By default torch2trt will calibrate using the input data provided. For example, if you wanted to calibrate on a set of 64 random normal images you could do.

data = torch.randn(64, 3, 224, 224).cuda().eval()

model_trt = torch2trt(model, [data], int8_mode=True)

Dataset Calibration

In many instances, you may want to calibrate on more data than fits in memory. For this reason, torch2trt exposes the int8_calibration_dataset parameter. This parameter takes an input dataset that is used for calibration. If this parameter is specified, the input data is ignored during calibration. You create an input dataset by defining a class which implements the __len__ and __getitem__ methods.

  • The __len__ method should return the number of calibration samples
  • The __getitem__ method must return a single calibration sample. This is a list of input tensors to the model. Each tensor should match the shape you provide to the inputs parameter when calling torch2trt.

For example, say you trained an image classification network using the PyTorch ImageFolder dataset. You could wrap this dataset for calibration, by defining a new dataset which returns only the images without labels in list format.

from torchvision.datasets import ImageFolder
from torchvision.transforms import ToTensor, Compose, Normalize, Resize


class ImageFolderCalibDataset():

    def __init__(self, root):
        self.dataset = ImageFolder(
            root=root, 
            transform=Compose([
                Resize((224, 224)),
                ToTensor(),
                Normalize([0.485, 0.456, 0.406], [0.229, 0.224, 0.225])
            ])
        )

    def __len__(self):
        return len(self.dataset)

    def __getitem__(self, idx):
        image, _ = self.dataset[idx]
        image = image[None, ...]  # add batch dimension
        return [image]

You would then provide this calibration dataset to torch2trt as follows

dataset = ImageFolderCalibDataset('images')

model_trt = torch2trt(model, [data], int8_calib_dataset=dataset)

Calibration Algorithm

To override the default calibration algorithm that torch2trt uses, you can set the int8_calib_algoirthm to the tensorrt.CalibrationAlgoType that you wish to use.
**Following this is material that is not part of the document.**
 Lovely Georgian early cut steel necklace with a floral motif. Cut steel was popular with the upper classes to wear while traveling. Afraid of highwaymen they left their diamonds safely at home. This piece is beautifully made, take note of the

For example, to use the minmax calibration algorithm you would do

import tensorrt as trt

model_trt = torch2trt(model, [data], int8_mode=True, int8_calib_algorithm=trt.CalibrationAlgoType.MINMAX_CALIBRATION)

Calibration Batch Size

During calibration, torch2trt pulls data in batches for the TensorRT calibrator. In some instances developers have found that the calibration batch size can impact the calibrated model accuracy. To set the calibration batch size, you can set the int8_calib_batch_size parameter. For example, to use a calibration batch size of 32 you could do

model_trt = torch2trt(model, [data], int8_mode=True, int8_calib_batch_size=32)

Binding Data Types

The data type of input and output bindings in TensorRT are determined by the original PyTorch module input and output data types. This does not directly impact whether the TensorRT optimizer will internally use fp16 or int8 precision.
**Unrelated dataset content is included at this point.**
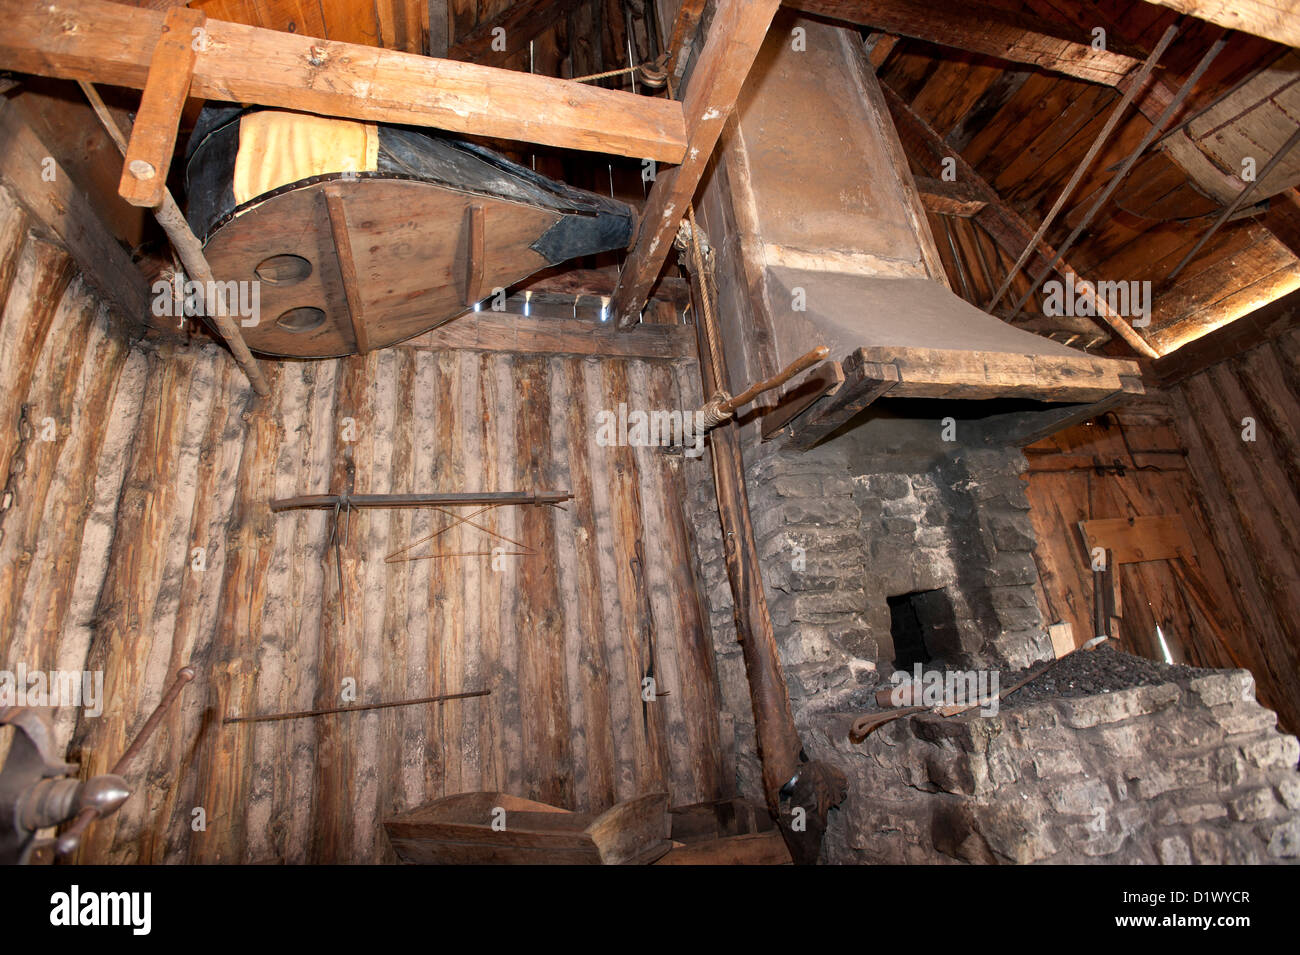 Replica of blacksmith shop found in a 17th century French Jesuit Mission. Stock Photo

For example, to create a model with fp32 precision bindings, you would do the following

model = model.float()
data = data.float()

model_trt = torch2trt(model, [data], fp16_mode=True)

In this instance, the optimizer may choose to use fp16 precision layers internally, but the input and output data types are fp32. To use fp16 precision input and output bindings you would do

model = model.half()
data = data.half()

model_trt = torch2trt(model, [data], fp16_mode=True)

Now, the input and output bindings of the model are half precision, and internally the optimizer may choose to select fp16 layers as well.